Probablemente ese 60% de colombianos que, según Gallup, hoy manifiesta su apoyo a los diálogos con las Farc, seguirá creciendo. Así como irá en aumento la avalancha de ruidos provenientes de los que insisten en no ver en el desconocimiento de derechos, el meollo de nuestra problemática de paz.
Un país serio, cuyas decisiones se fundamenten en el conocimiento y no en las flaquezas e intereses de particulares y políticos, le atinaría a la paz que necesita la sociedad, yendo inclusive más allá de la que demanden las Farc.
Es eso lo que deben ir teniendo claro los colombianos que apoyan el proceso y los que no. Jugarle a la paz que necesitamos, nos salvaría del egoísmo y la miopía de quienes no están contemplando sacrificar privilegios, y de previsibles rearmamentos futuros de facciones descontentas con lo acordado.
La mentira de un crecimiento económico atribuido a un país, cuando la realidad no puede ocultar que solo un puñado de individuos se queda con todo, es el tipo de argumento que se burla de la paz que se necesita alcanzar. Es el tipo de argumento que de persistir, seguirá condenándonos, si no a la guerra imperecedera, a una paz falsa. Esa misma que se puede desmoronar a la vuelta de la esquina.
Cuando al hablar del eventual proceso con las Farc, un editorial de El Tiempo dice que no se trata de negociar el orden institucional establecido; que cualquier reforma solo podrá concretarse cuando los alzados en armas ingresen a la arena política y que las profundas transformaciones deben decidirse mediante las urnas, se reafirma el pensamiento acomodado de un establecimiento que nunca ha sometido a votación ciudadana las decisiones sobre el manejo de la economía. Por el contrario, siempre las ha adoptado e impuesto unilateralmente. Pues bien, así su juego haya consistido siempre en usar la democracia como le conviene, esta vez el tiro le puede salir por la culata. Lo más probable es que las urnas terminen favoreciendo cualquier acuerdo que permita poner fin a la evidente exclusión en la que sus prácticas económicas han puesto a la mayoría. Entonces, que valga la exigencia. Pero que valga de ahí en adelante para todas las decisiones que comprometan el bienestar de la comunidad. Es precisamente esa falta de democracia real la que explica el origen de nuestra falta de paz.
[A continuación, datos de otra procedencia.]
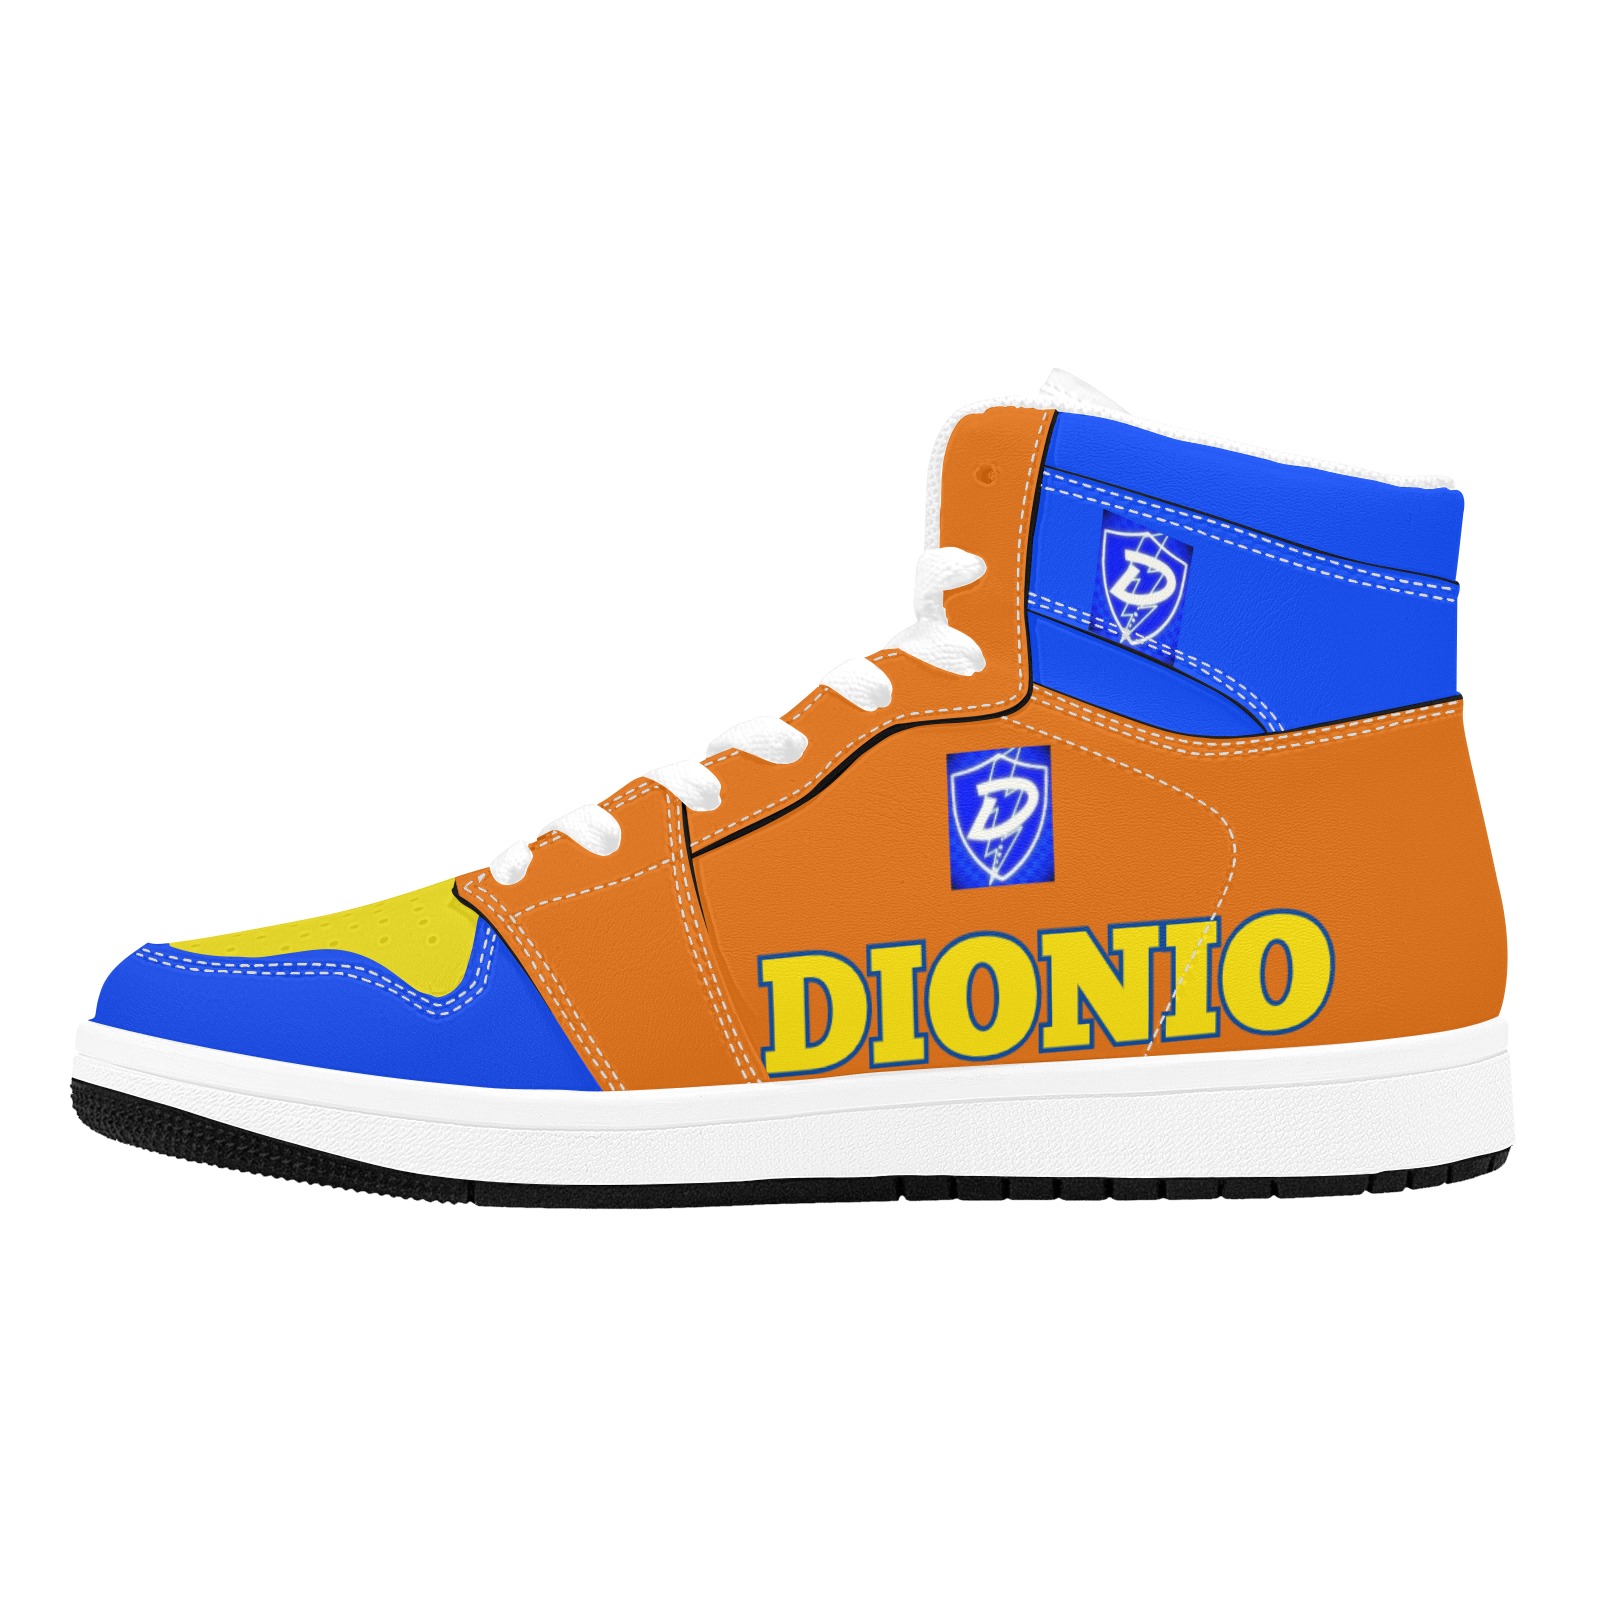 DIONIO - Agressive Basketball Sneaker Unisex High Top Sneakers (Model 20042)

La paz que necesitamos es una fundamentada en lo básico. Lo básico es el respeto real a la reglamentación de las relaciones humanas en la que tanto se han esmerado el Derecho y la organización jurídica de los Estados. Nosotros decidimos desaprender que para vivir honestamente en comunidad se tiene que limitar la libertad individual. Interpretando el texto “La Paz Perpetua” del filósofo alemán Immanuel Kant (1724-1804) la libertad de los miembros de una sociedad debe circunscribirse a la legislación común que rige para todos. Ese es su límite y a la vez la garantía de la igualdad ciudadana. Por lo tanto, en la aplicación estricta de esa normatividad común radica que esa igualdad no sea resquebrajada por algún intento de abuso del poder. Ese fue el norte que perdimos. Esa es la base de la convivencia.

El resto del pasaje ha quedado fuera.